▸ **Dataset section**:
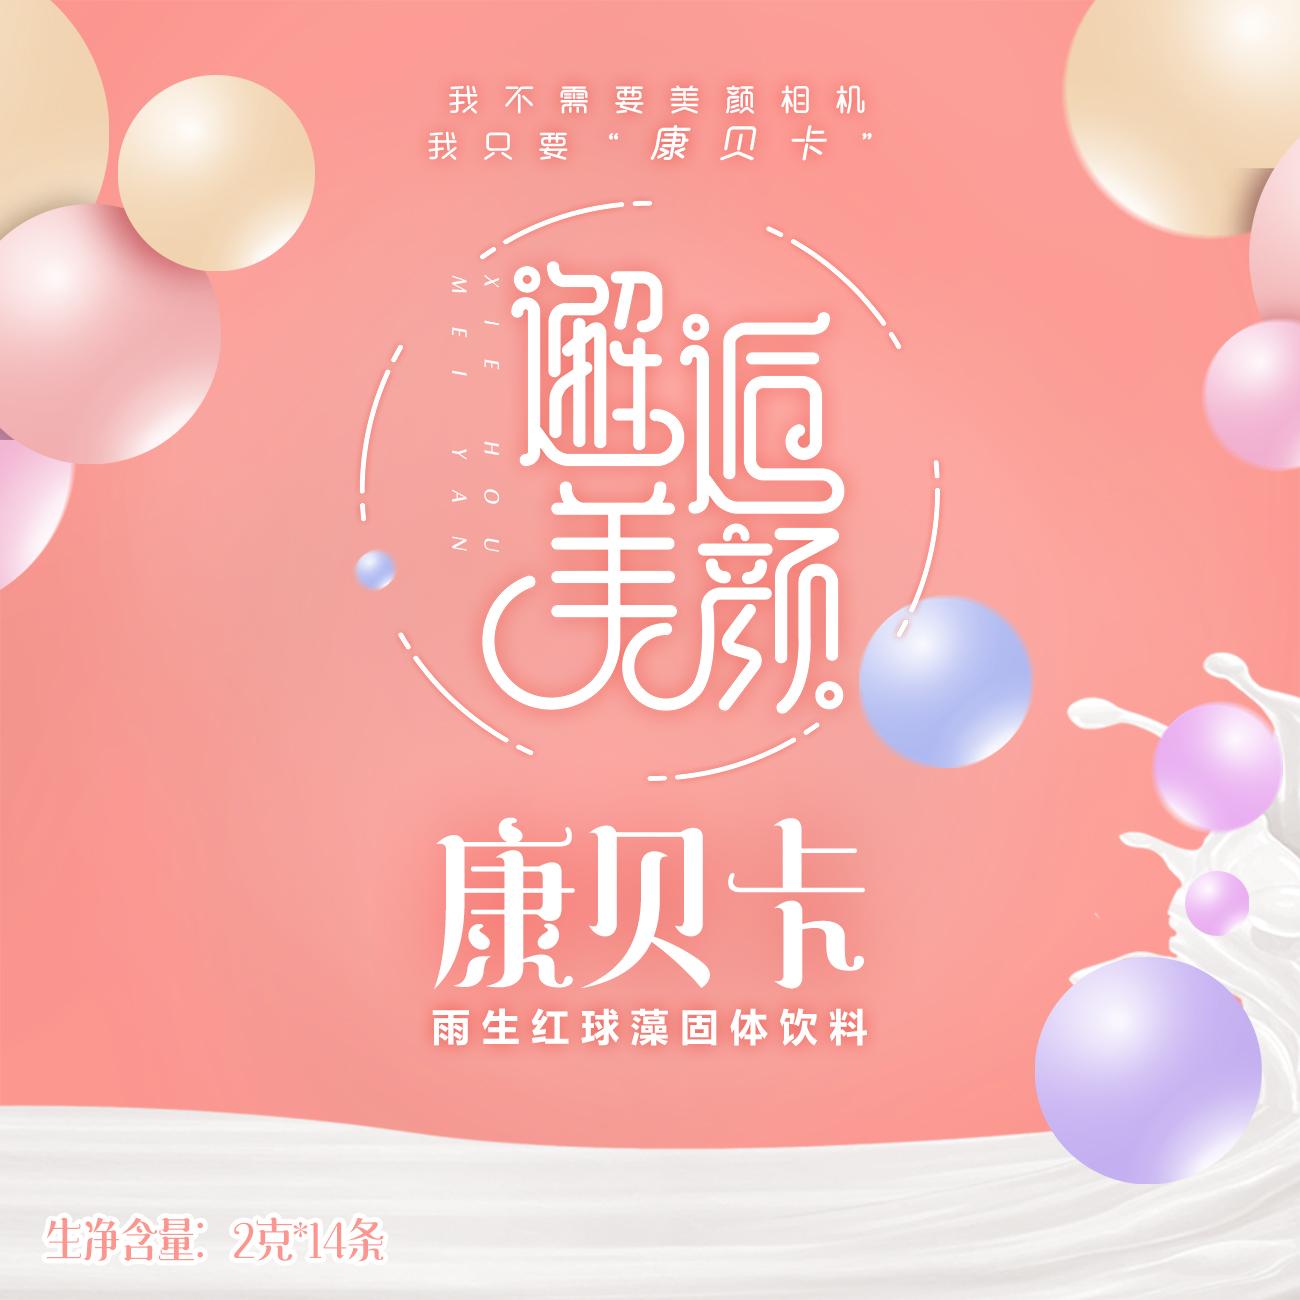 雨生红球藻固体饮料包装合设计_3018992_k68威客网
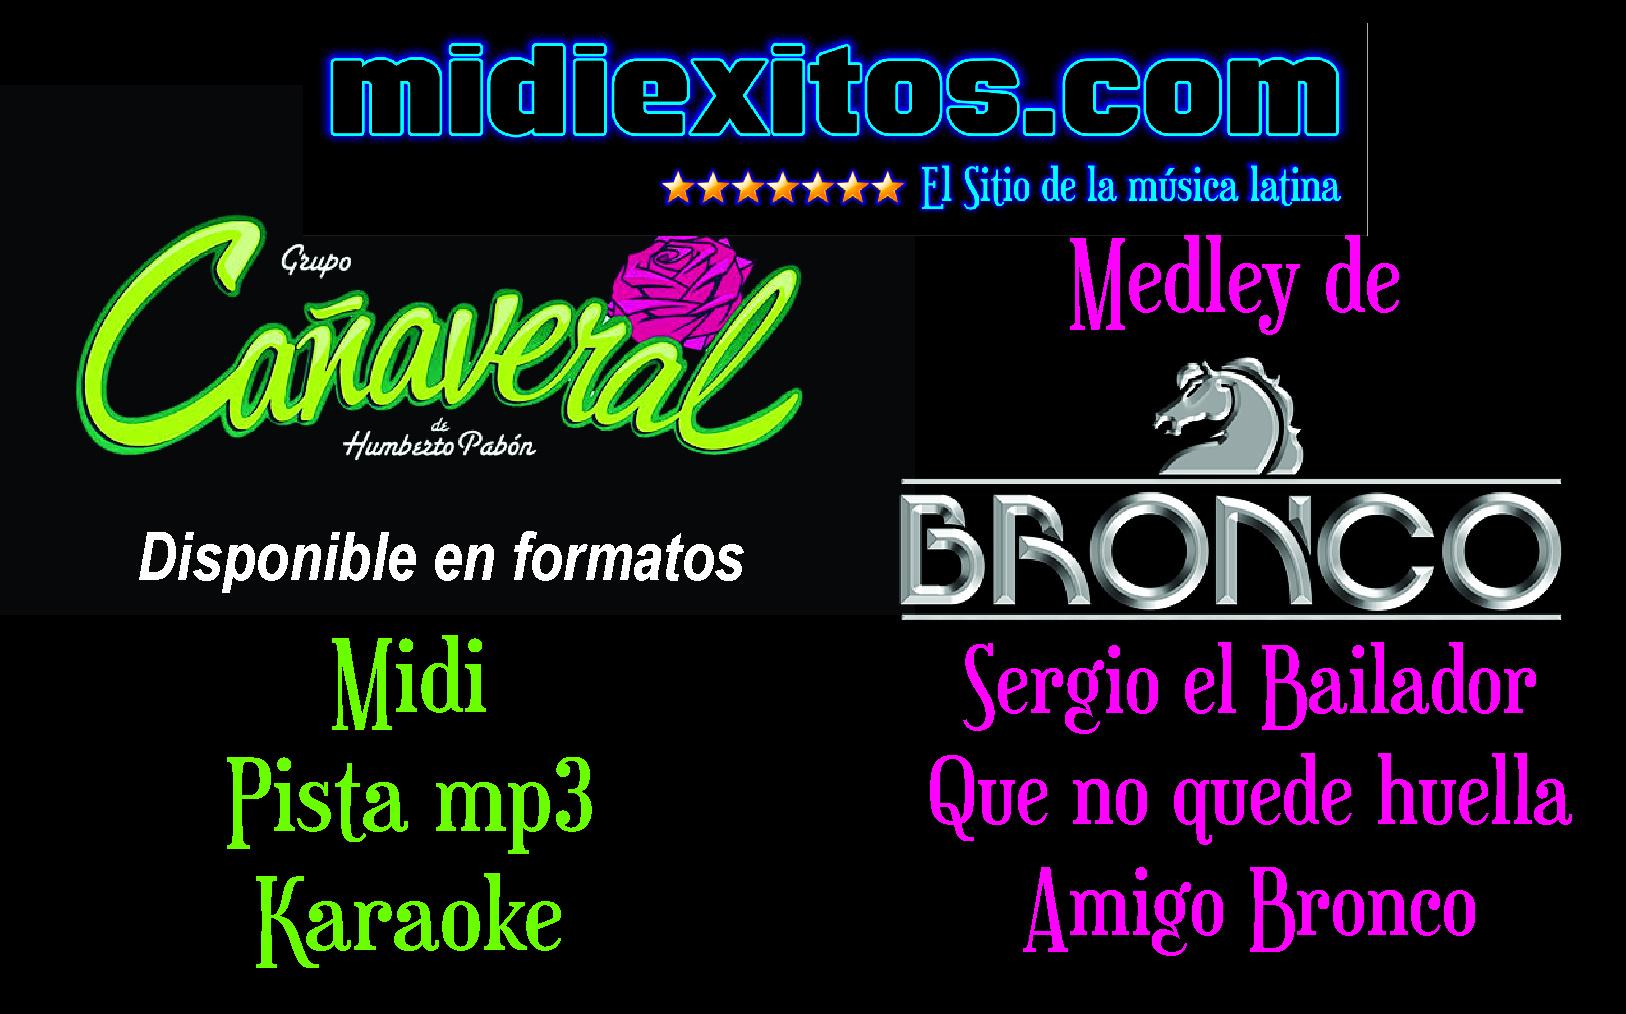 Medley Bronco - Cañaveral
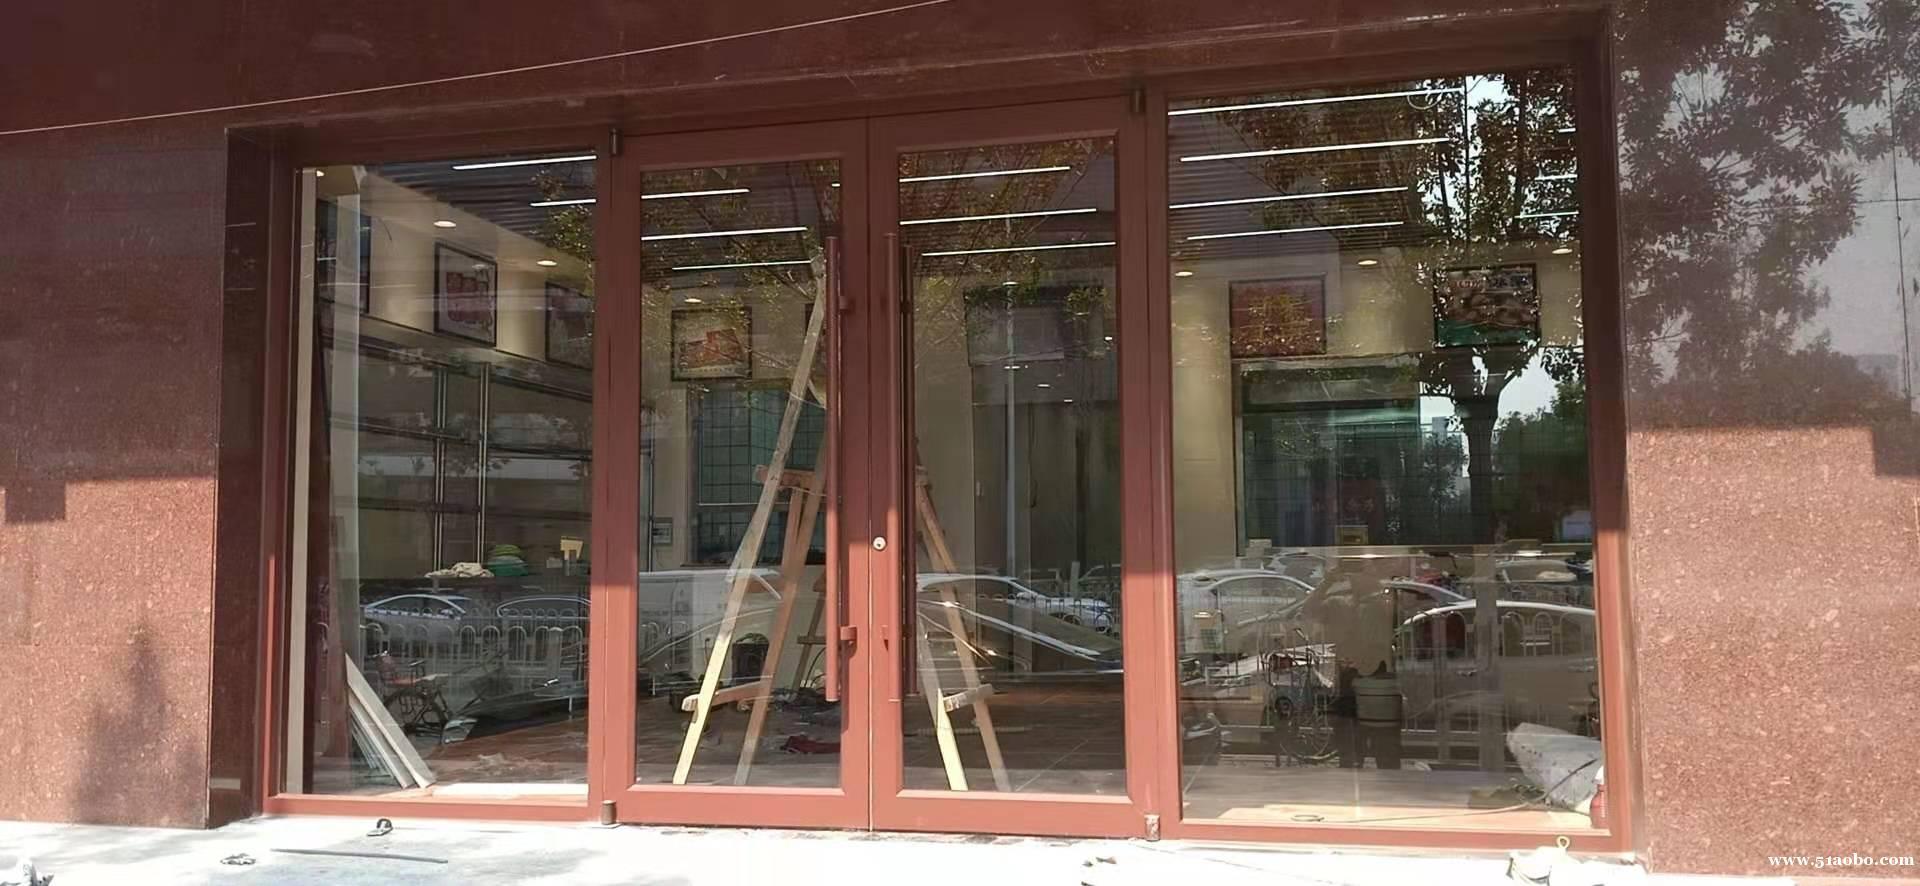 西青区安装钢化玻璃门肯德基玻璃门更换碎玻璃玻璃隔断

▸ **About this exercise**: Wherever the listing shows a picture, omit it and output the rest exactly as given.

▸ **Result of the exercise**:
 雨生红球藻固体饮料包装合设计_3018992_k68威客网
 Medley Bronco - Cañaveral
 西青区安装钢化玻璃门肯德基玻璃门更换碎玻璃玻璃隔断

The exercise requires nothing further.